Creation & Evolution | Catholic Central
Catholic Central | 10 Nov. 2017
https://www.youtube.com/watch?v=B_sE07heyy4


2:00 Whether Louis Pasteur was a Catholic believer or not is disputed.

Dans les dernières années du xixe siècle et les premières du xxe siècle, l'apologétique catholique attribuait volontiers à Pasteur la phrase « Quand on a bien étudié, on revient à la foi du paysan breton. Si j'avais étudié plus encore j'aurais la foi de la paysanne bretonne »287.

En 1939 (l'entre-deux-guerres a été la grande époque de l'Union rationaliste), Louis Pasteur Vallery-Radot, petit-fils de Louis Pasteur, fait cette déclaration : « Mon père a toujours eu soin, et ma mère également d'ailleurs, de dire que Pasteur n'était pas pratiquant. Si vous ouvrez la Vie de Pasteur, vous verrez que mon père parle du spiritualisme et non du catholicisme de Pasteur. Je me souviens parfaitement de l'irritation de mon père et de ma mère, quand quelque prêtre, en chaire, se permettait de lui attribuer cette phrase qu'il n'a jamais dite : « J'ai la foi du charbonnier breton. » (…) Toute la littérature qui a été écrite sur le prétendu catholicisme de Pasteur est absolument fausse »288.

En 1994-1995, Maurice Vallery-Radot, arrière-petit-neveu de Pasteur 289, ne se contente pas du spiritualisme, du théisme de Pasteur. Il tient que Pasteur resta, au fond, catholique, même s'il n'allait pas régulièrement à la messe290.

Dans son livre Pasteur paru en 1896 (éd. Gauthier-Vilars), Charles Chappuis, son ami d'enfance, témoigne que Louis Pasteur se rendait à Notre-Dame de Paris pour écouter les sermons de carême.

Après le décès de sa petite fille Jeanne, en 1859, il écrit à un proche qu’elle « vient d’aller au Ciel pour prier pour nous ».


So do different voices referenced in good old wiki diverge.

2:41 "when we discover more about the truths about the universe through science"

Nice principle.

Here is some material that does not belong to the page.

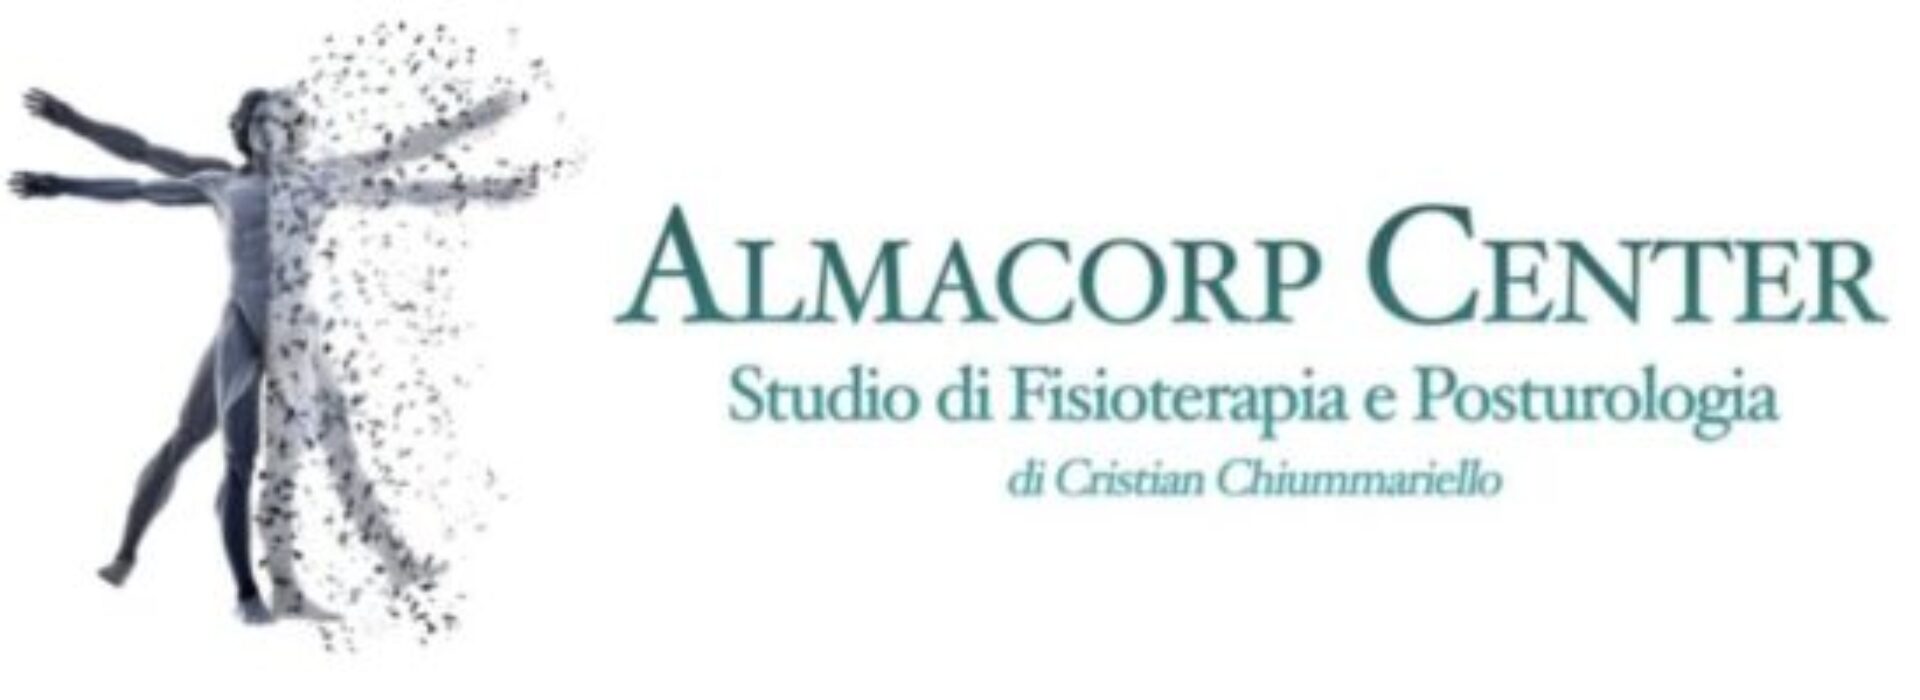 Almacorp Center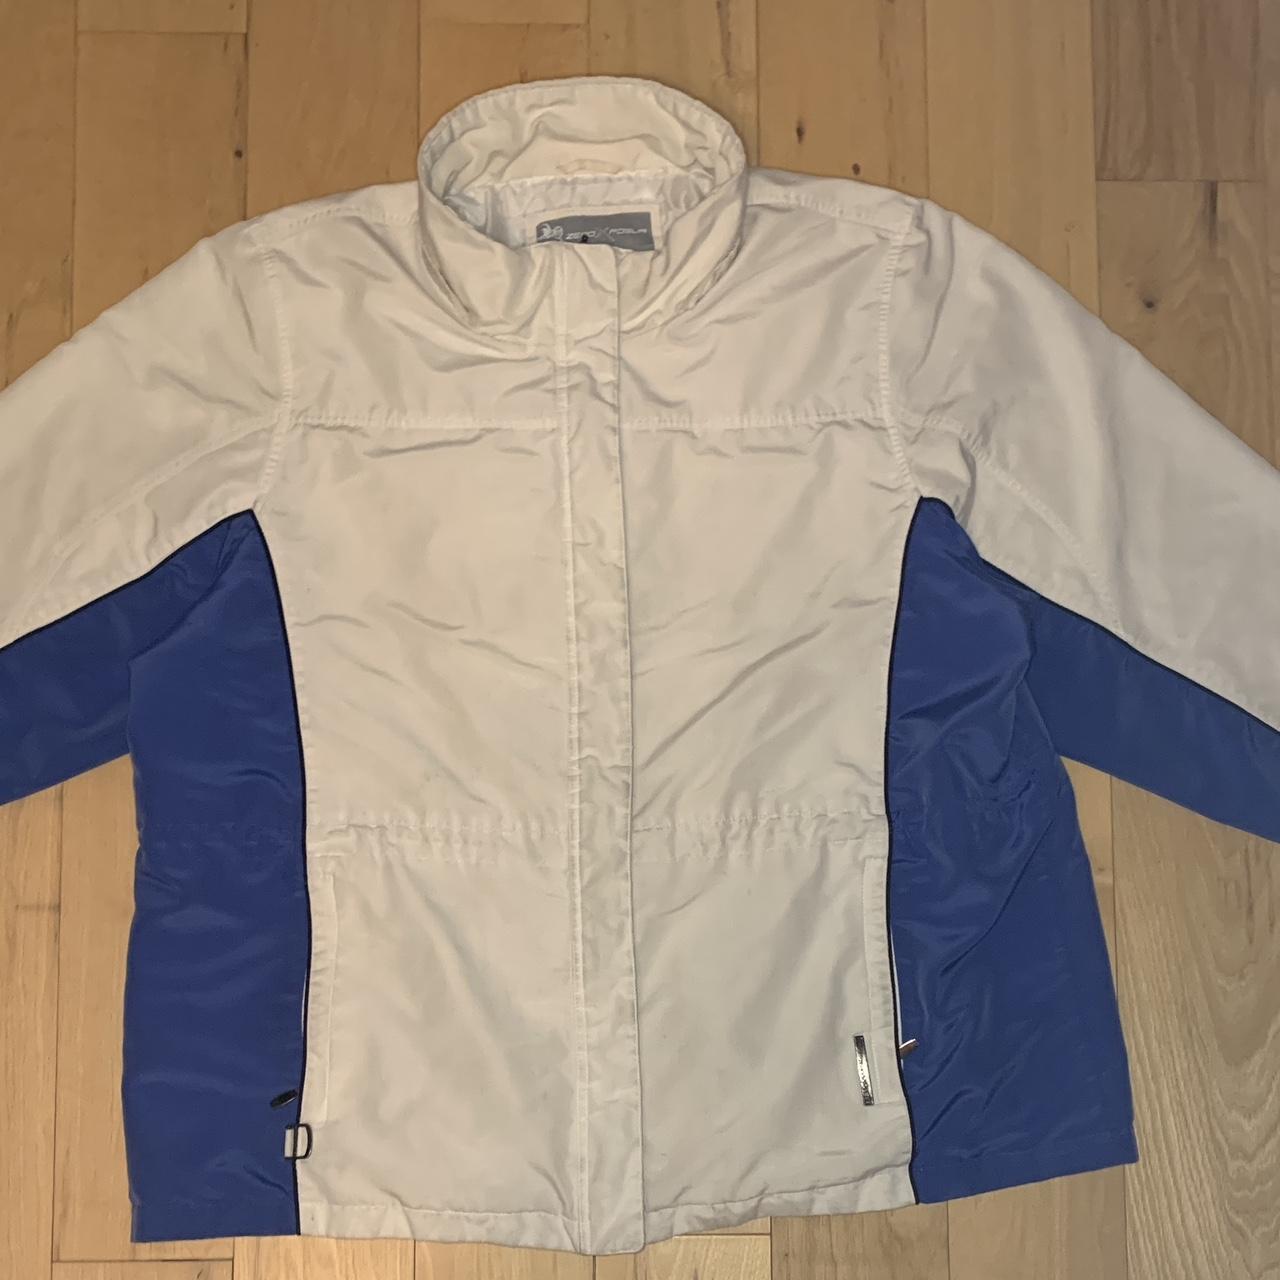 Zero x posur jacket White and blue Men’s XL vintage - Depop

And not when we pretend to discover things that aren't true, through pseudo-science.

Which of these applies closer to Evolution?

Note, for clarity, 17 species in 5 genus of hedgehogs evolving from an original hedgehog couple on the Ark is a Creationist position. We are not species fixists.

Part of why certain priests in the late 19th C. came to fudge certain factors about Biblical inerrancy, like specifically Fr. Fulcran Vigouroux (C. S. Sulp.) holding to a non-global, only very large regional, Flood, is he thought the (then) rejection of Evolution needed to mean species fixism. If every species today was as separate from every other species today back when created as today, we would not have had room on the Ark for a couple of each. Check Baraminology. I hold that Atelerix Algirus and Hemiechinus auritus both came from a common ancestor.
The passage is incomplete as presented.